Every platform object projects into a canonical Entity graph in spanda-config. Evaluation
engines route health, readiness, trust, and verification through the same registry:
flowchart TB
subgraph sources [Configuration sources]
TOML["Device tree · Device registry · Human registry · Logical map"]
end
BUILD["build_entity_registry()"]
REG["EntityRegistry"]
subgraph engines [Evaluation engines]
VR["verify_entity"]
RD["evaluate_entity_readiness"]
HL["evaluate_entity_health"]
TR["evaluate_entity_trust"]
end
subgraph surfaces [Surfaces]
API["GET/POST /v1/entities/*"]
CLI["spanda entity *"]
CC["Control Center Entities tab"]
GRPC["gRPC ControlCenter"]
end
TOML --> BUILD --> REG
REG --> VR
REG --> RD
REG --> HL
REG --> TR
VR --> API
RD --> API
HL --> API
TR --> API
API --> CLI
API --> CC
API --> GRPC
Domain types (DeviceIdentityRecord, HumanEntity, RobotNode, …) remain TOML source of truth.

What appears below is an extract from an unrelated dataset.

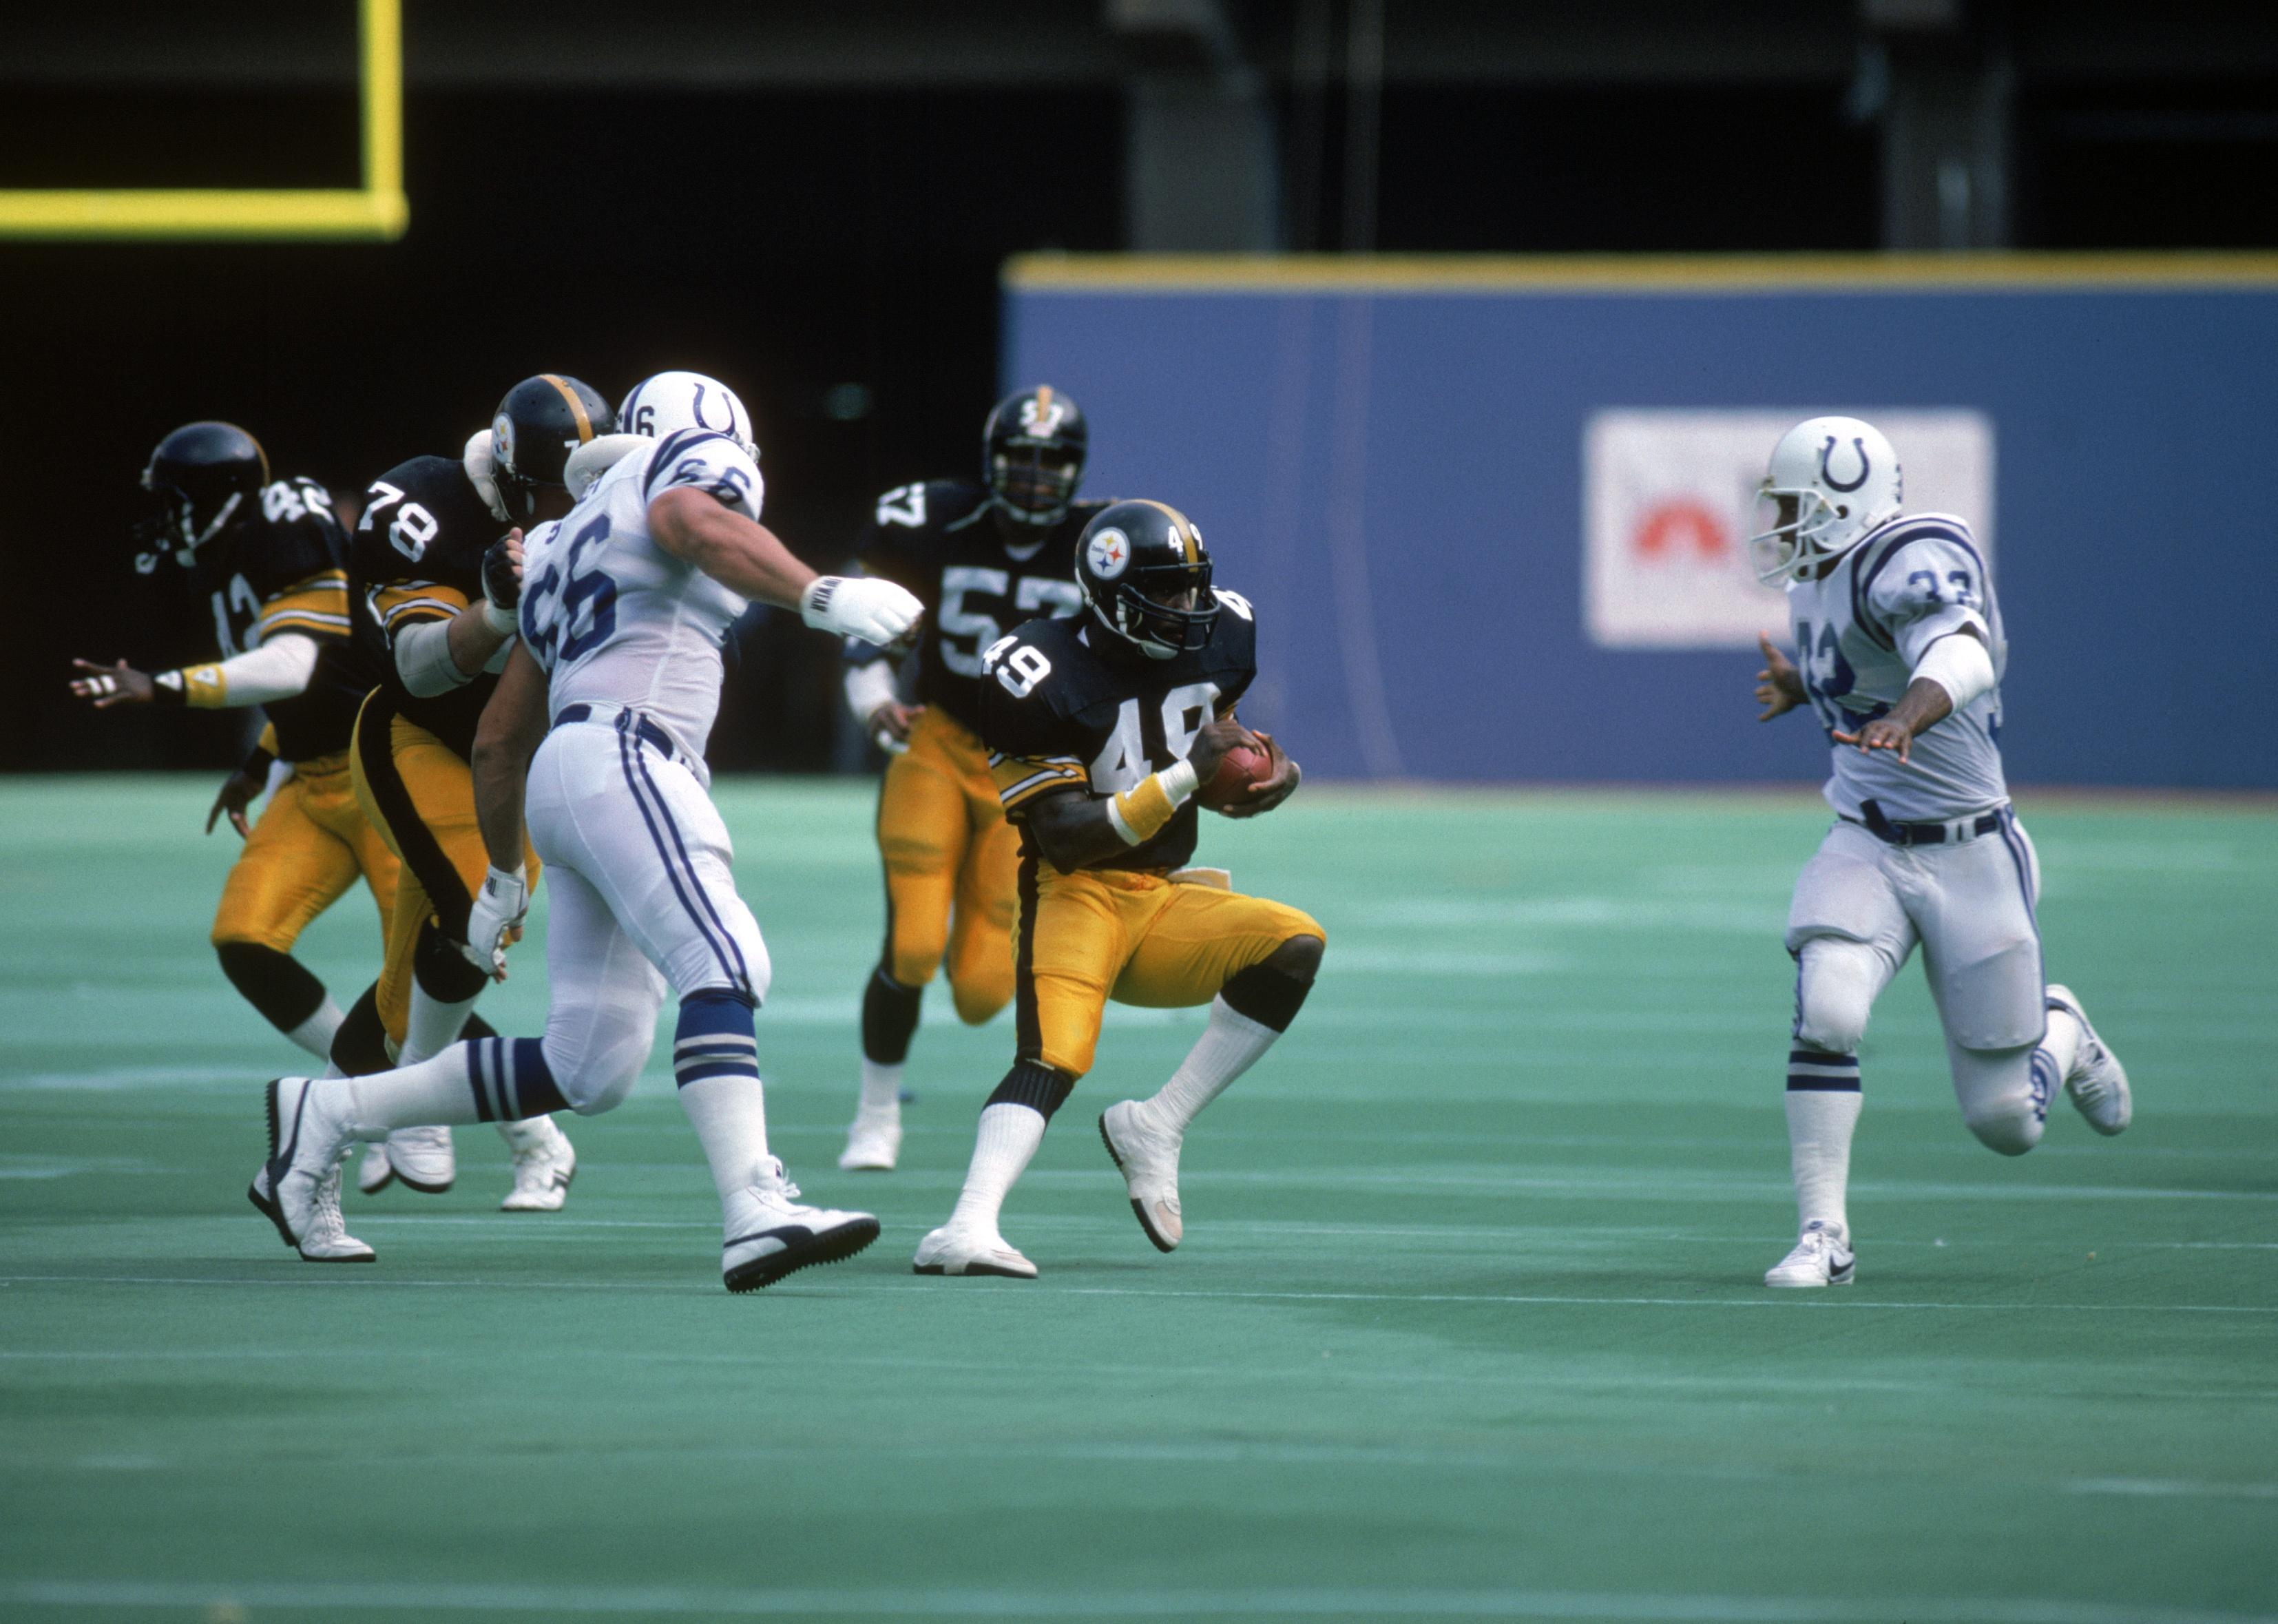 Cornerback Dwayne Woodruff #49 of the Pittsburgh Steelers returns an interception.

The entity layer adds shared health, readiness, trust, relationships, and query semantics without
breaking existing APIs.
See entity-model.md · entity-verification.md · entity-registry.md · entity-graph.md.
AST → SIR (sir.rs) → LLVM IR (spanda-llvm) → native binary (spanda-rt)
Commands: spanda ir, spanda llvm-ir, spanda compile-native
HAL profiles (--hal-profile) influence conditional codegen for embedded targets. This path is
experimental in v0.1.0-alpha; the interpreter is the primary runtime.
See compiler-backend-roadmap.md.
| Layer | Location | Role |
|---|---|---|
| Authoritative (Rust) | crates/* workspace |
All language semantics — see crates/README.md |
| Public facade | spanda-core |
Stable spanda_core:: API for external embedders |
| First-party apps | spanda-cli, spanda-node, spanda-wasm, spanda-dap |
Direct workspace crate deps (no spanda-core) |
| Mirror | src/ (TypeScript) |
Tests, fallback CLI, LSP helpers, provider classification mirror |
| UX | packages/web, packages/lsp, editor/vscode |
Playground, language server, extension scaffold |
The TypeScript mirror delegates to the Rust CLI when target/release/spanda is available
(src/rust-bridge.ts).
See crates/README.md for the full workspace index. Summary:
| Layer | Key crates |
|---|---|
| Facade | spanda-core |
| Pipeline | spanda-driver, spanda-lexer, spanda-parser, spanda-typecheck, spanda-sir, spanda-error |
| Runtime | spanda-interpreter, spanda-runtime, spanda-runtime-host, spanda-comm, spanda-safety, spanda-hal |
| Transport | spanda-transport, spanda-transport-routing, spanda-transport-{ros2,mqtt,dds,websocket} |
| Domain | spanda-hardware, spanda-fleet, spanda-assurance (continuity, recovery, mission assurance), spanda-ota, spanda-certify, spanda-connectivity |
| Tooling | spanda-format, spanda-lint, spanda-codegen, spanda-docs, spanda-modules |
| Packages | spanda-package, spanda-providers |
| Apps | spanda-cli, spanda-node, spanda-wasm, spanda-dap, spanda-llvm, spanda-rt |
| Security | spanda-security, spanda-audit |
Optional: spanda-ros2-rclrs-native (in-process ROS 2, excluded from default workspace build).